Beware (now attributed to Lydgate) and Of Theyre Nature (also called Balade against Hypocritical Women), both marked by proverbial lore and pastiche, warn readers of the atavistic deceptiveness, fickleness, and treachery of women. On another level, these poems may reflect what Daniel Javitch calls the courtly "cult of dissimulation";12 while women are denounced for their duplicitous artifice, such dissembling behavior was nonetheless recognized -- and admired -- as a necessary strategy for self-promotion and social advancement. Beware, which Utley accurately describes as "a skillful use of proverbial libels,"13 is an especially interesting poem because it appears to have been repeatedly ransacked: its refrain, "Beware therfore; the blynde eteth many a flye," also appears in Of Theyre Nature and remained extant throughout the sixteenth century (see Whiting B348 and Tilley B451); and the final stanza (beginning "thogh al the erthe so wan / Were parchemyn smothe" -- lines 36-37) is incorporated into The Remedy of Love (IMEV 3084) and is found as an independent poem (IMEV 1409.3) in both Edinburgh, National Library of Scotland MS Advocates' 1.1.6 (the Bannatyne manuscript, where it is marked "Chaucer") and London, British Library MS Additional 17492 (the Devonshire manuscript). Of Theyre Nature, inspired, no doubt, by the pessimistic musings in Lydgate's Pain and Sorrow of Evil Marriage from which the poet lifts seven lines, in toto, for his initial stanza, is somewhat pedestrian; indeed, even the poet himself appears to weary of his misogynist posturing. The poem is saved, however, by the felicitous expansion on the "blind eat many a fly" refrain: "But whether that the blynde ete flessh or fyssh, / I pray God kepe the fly out of my dyssh!" (lines 20-21).


The Texts

O Mosy Quince (IMEV 2524) and Of Theyre Nature (IMEV 2661) are extant only in T (Cambridge, Trinity College MS R.3.19, fols. 205v-206r and 156v); I Have a Lady (IMEV 1300) appears in both T (fols. 205r-205v), and L (Leiden University, MS Vossius 9, fol. 110v). For a description of the Leiden manuscript (c. 1470-1500) and a transcript of the poem, see van Dorsten, "The Leyden 'Lydgate Manuscript,'" pp. 315-25. The L variants are found in the Notes.

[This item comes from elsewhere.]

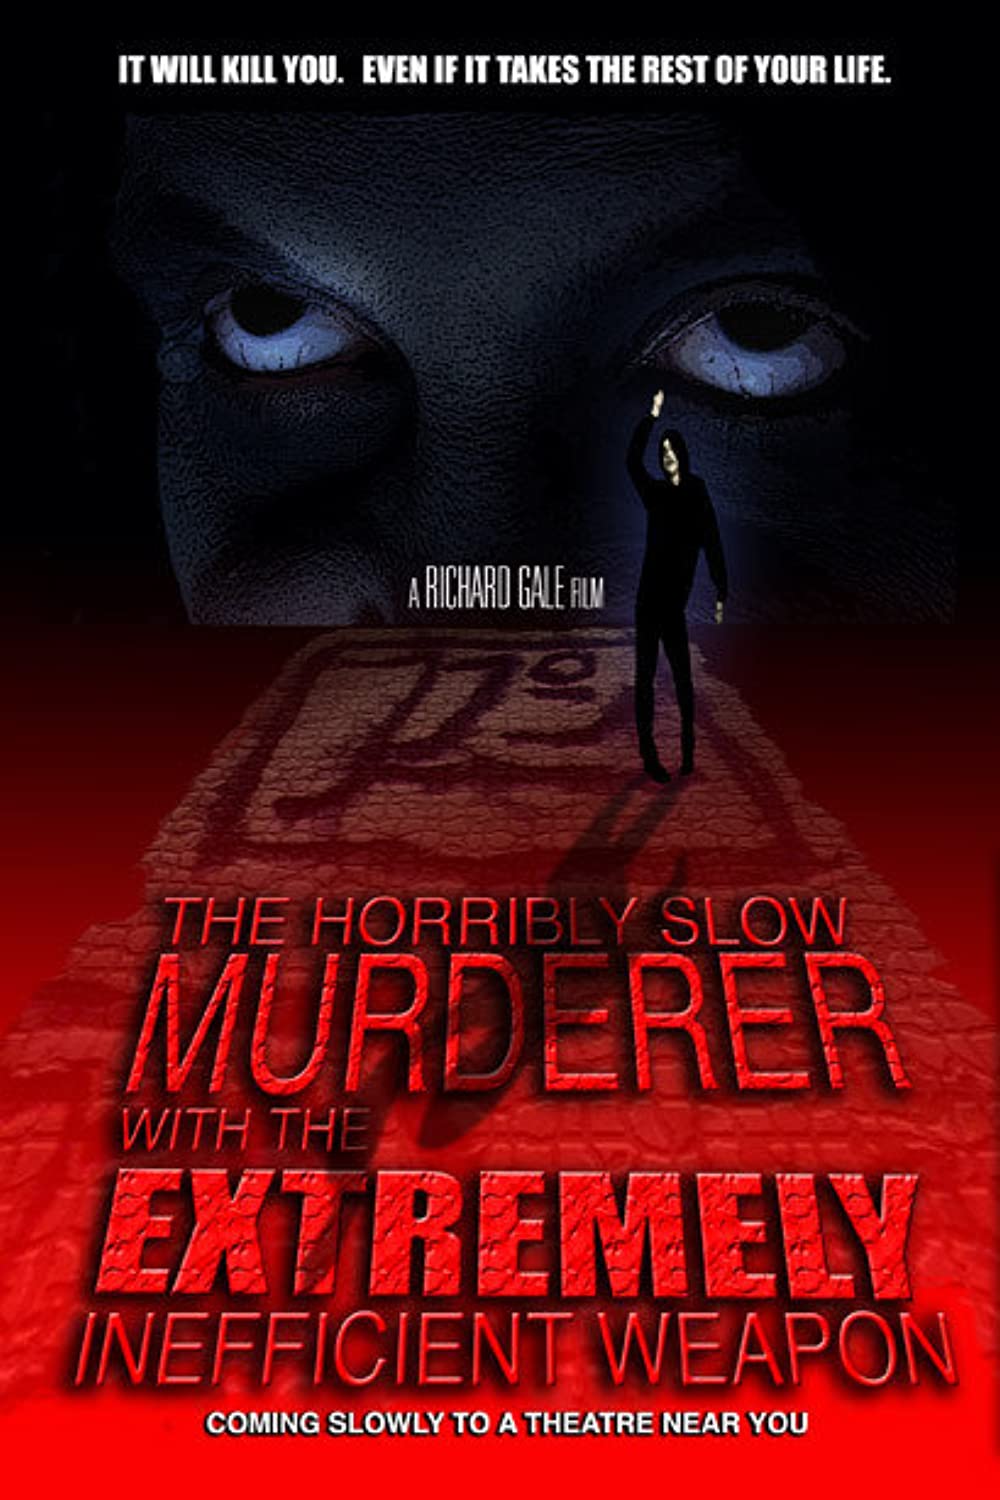 The Horribly Slow Murderer with the Extremely Inefficient Weapon (Short 2008)

Beware (IMEV 1944), also known as Beware of Deceitful Women, Against Women, or The Blynde Eteth Many a Flye, is now attributed to Lydgate. The poem, with various alterations, is extant in four manuscript miscellanies: T (fols. 207r-207v), H (British Library, MS Harley 2251, fols. 149v-150r), O (Cambridge, Trinity College MS O.9.38, fols. 28r-28v), and R (Rome College MS English 1405 olim 1306, fol. 75v). For a description of R, see Klinefelter, "Newly Discovered," pp. 3-6; and Robbins, "Middle English Diatribe," pp. 131-46. Since the version in R has not yet been published, I have provided a transcription here with the variants contained in the Textual Notes.